STOC2021

Information theoretic limits of cardinality estimation: Fisher meets Shannon

Seth Pettie, Dingyu Wang

12 citations

Abstract

Estimating the cardinality (number of distinct elements) of a large multiset is a classic problem in streaming and sketching, dating back to Flajolet and Martin's classic Probabilistic Counting (PCSA) algorithm from 1983. In this paper we study the intrinsic tradeoff between the space complexity of the sketch and its estimation error in the random oracle model. We define a new measure of efficiency for data sketches called the Fisher-Shannon (FiSh) number H/I. It captures the tension between the limiting Shannon entropy (H) of the sketch and its normalized Fisher information (I) that characterizes the variance of a statistically efficient, asymptotically unbiased estimator. Our aim in introducing the FiSh-number is to build the mathematical machinery necessary to argue for precise optimality, rather than asymptotic optimality, up to large constant factors.
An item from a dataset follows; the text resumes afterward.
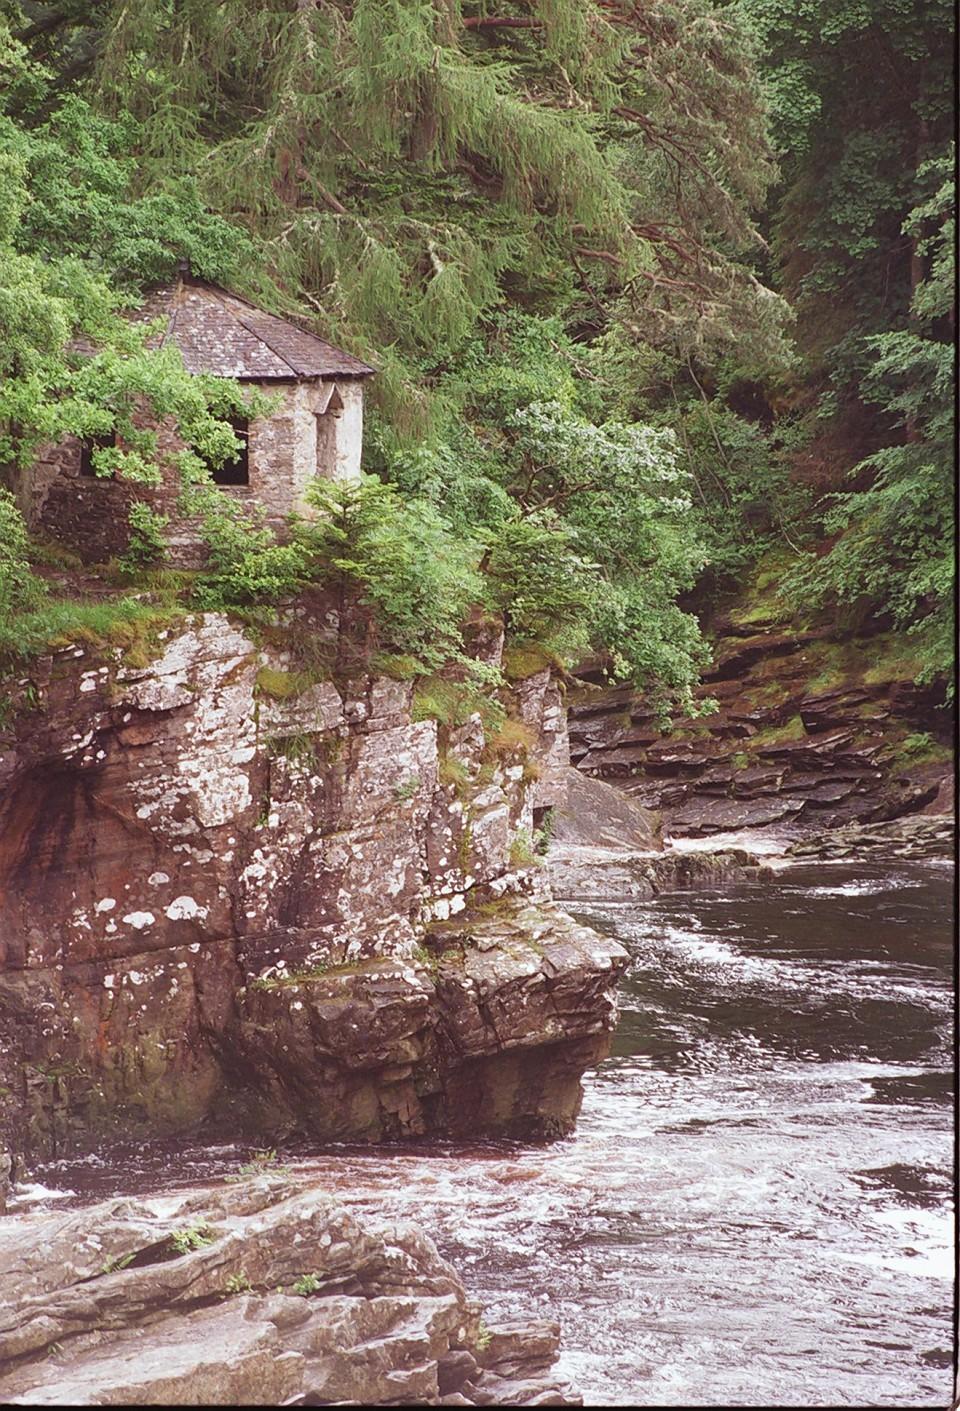 The River Moriston

Our results are as follows. • We prove that all base-q variants of Flajolet and Martin's PCSA sketch have FiSh-number H 0 /I 0 ≈ 1.98016 and that every base-q variant of (Hyper)LogLog has FiSh-number worse than H 0 /I 0 , but that they tend to H 0 /I 0 in the limit as q → ∞. Here H 0 , I 0 are precisely defined constants. This result reverses the common conception that HyperLogLog was a strict improvement over PCSA.